# Sky TV



## mrred99 (May 9, 2008)

Please can anyone tell me if you can you get Sky TV in Cyprus?
We are re-locating to Cyprus and really want Sky TV??

Thanks


----------



## BabsM (May 24, 2008)

Yes you can in many areas but you will need a 4m dish which is not practical unless you have a big garden or live in a large block of flats. There are, however, other options. You can pick up premiership matches via other subscribed and non-subscribed satellite services


----------



## mrred99 (May 9, 2008)

thanks Babs !


----------



## Veronica (Apr 5, 2008)

BabsM said:


> Yes you can in many areas but you will need a 4m dish which is not practical unless you have a big garden or live in a large block of flats.
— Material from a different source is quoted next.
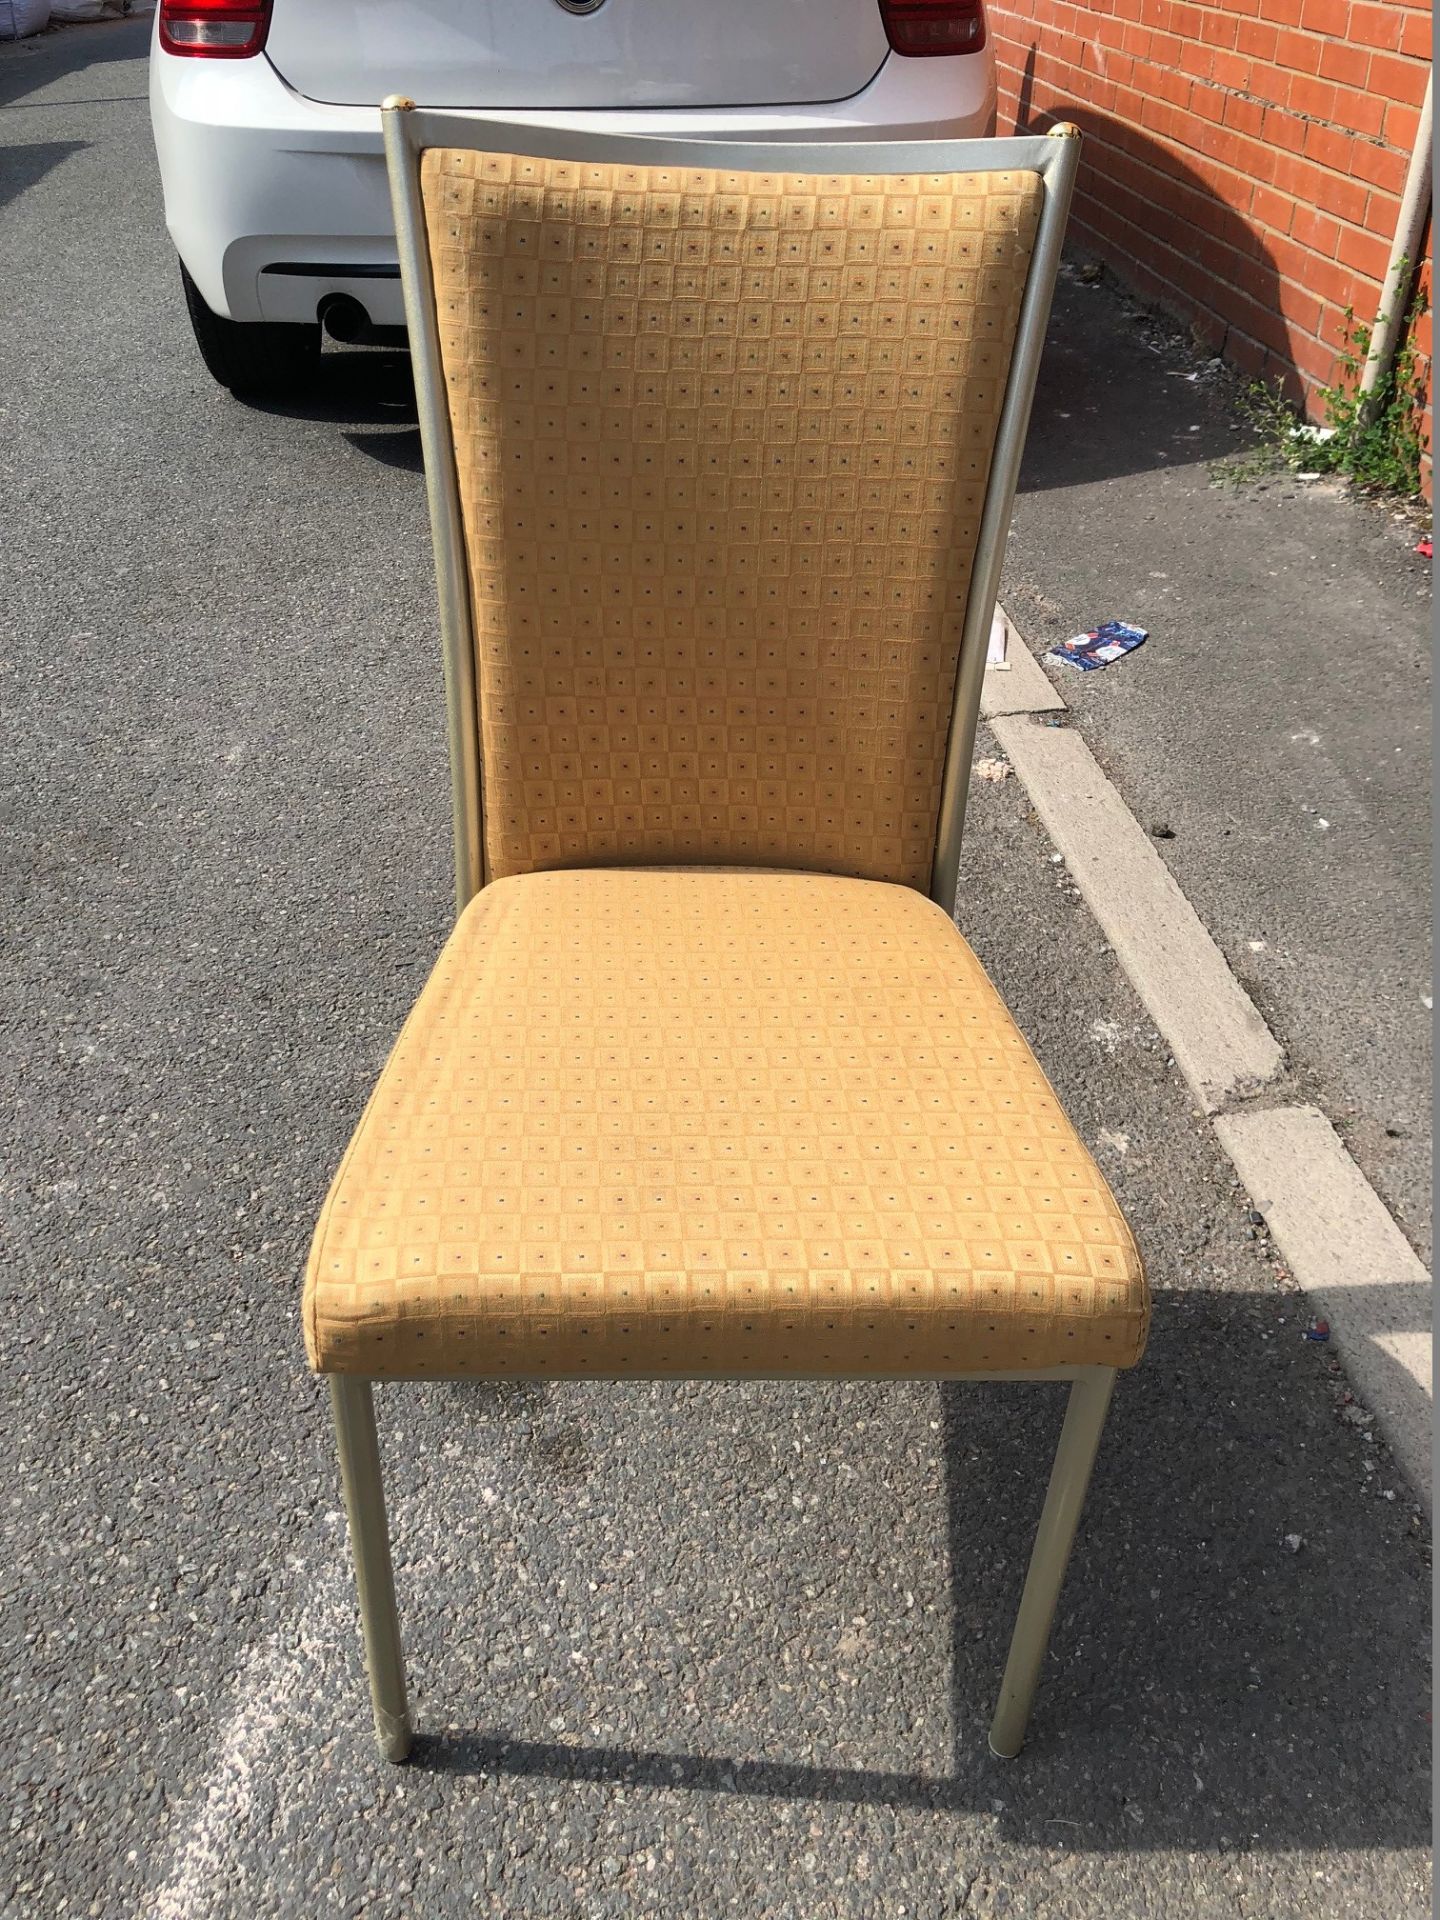 5 x Padded Banquet Chairs - High Quality Chairs Ideal For Restaurant/Social Clubs/Events (Brand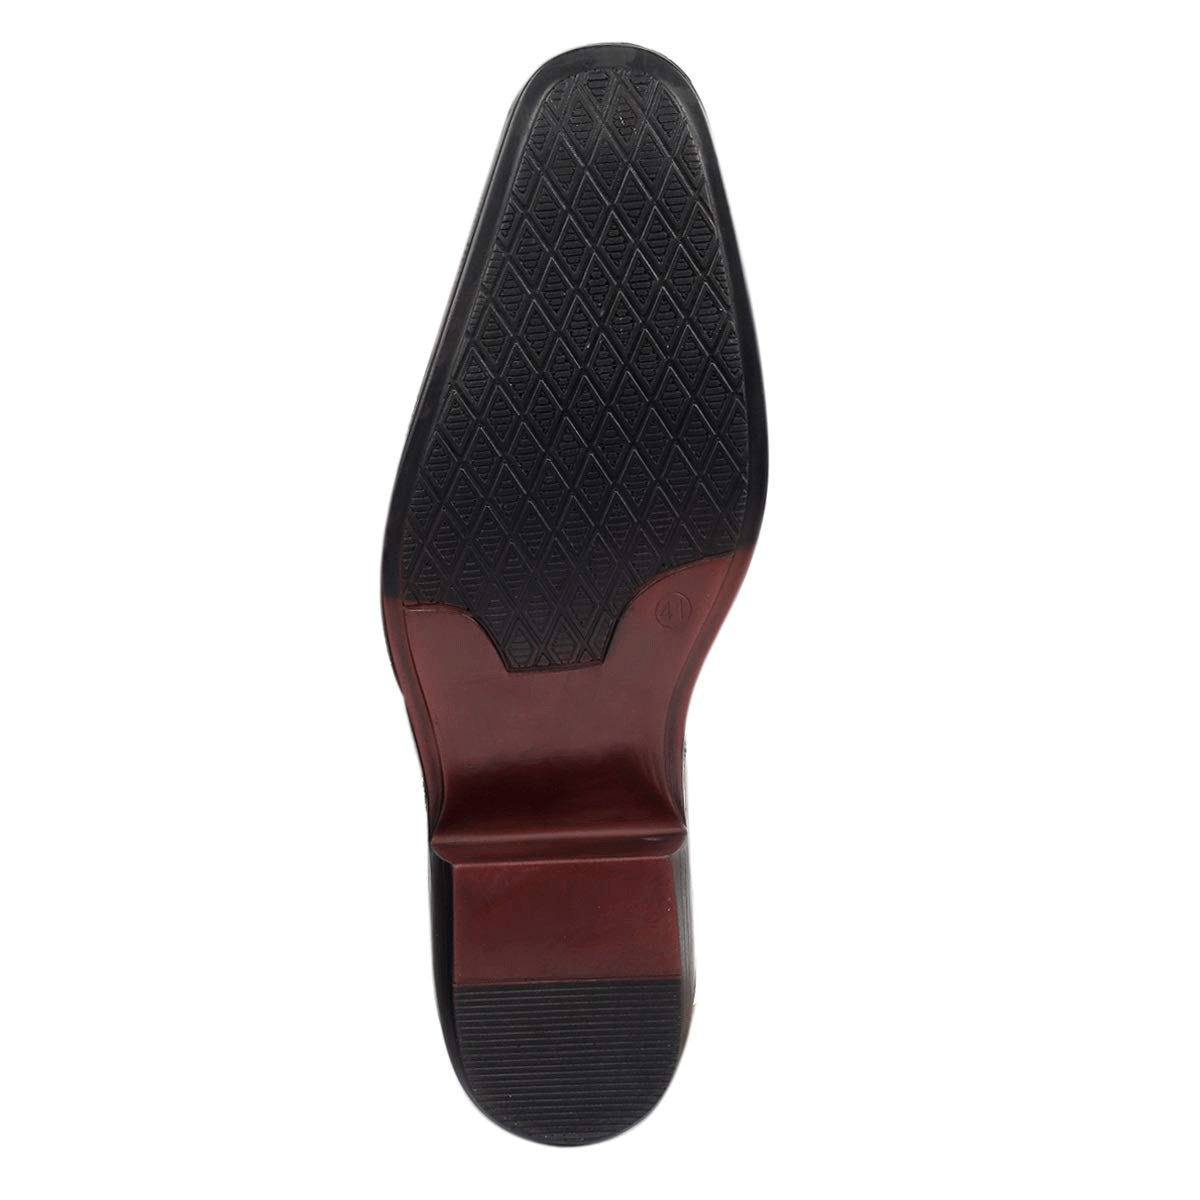 Classy Casual And Formal Black Moccasin Monk Slip-on Shoes For Men-JonasParamount

There are, however, other options. You can pick up premiership matches via other subscribed and non-subscribed satellite services


The size of dish depends on the area.
We are in Paphos area and here a 3m dish is adequate, in fact our dish is only2.7 and we have good reception.
Most houses tend to have a flat roof area where the dishes can be situated if you do not have a large garden.


----------



## BabsM (May 24, 2008)

Thanks for that Veronica. I had been informed only last week that a 4m dish was necessary for Cyprus. 

As regards the flat area on your roof, that depends on the design of your house. Ours does not have one, it has a traditional pitched roof. You do see 4m dishes in the Larnaca area but not usually on the roof.


----------



## Veronica (Apr 5, 2008)

BabsM said:


> Thanks for that Veronica. I had been informed only last week that a 4m dish was necessary for Cyprus.
> 
> As regards the flat area on your roof, that depends on the design of your house. Ours does not have one, it has a traditional pitched roof. You do see 4m dishes in the Larnaca area but not usually on the roof.


We have a pitched roof but the dish is on there. The thing is that the rooves are concrete even when pitched and the tiles are just for show so it is quite easy to put a paltform on the roof to fix the dish to.
It probably wouldnt be as easy if you do need a 4mtr dish though but as we only need a 2.7 where we live it isnt a problem.
So I guess with a lot of things it really depends on your area.


----------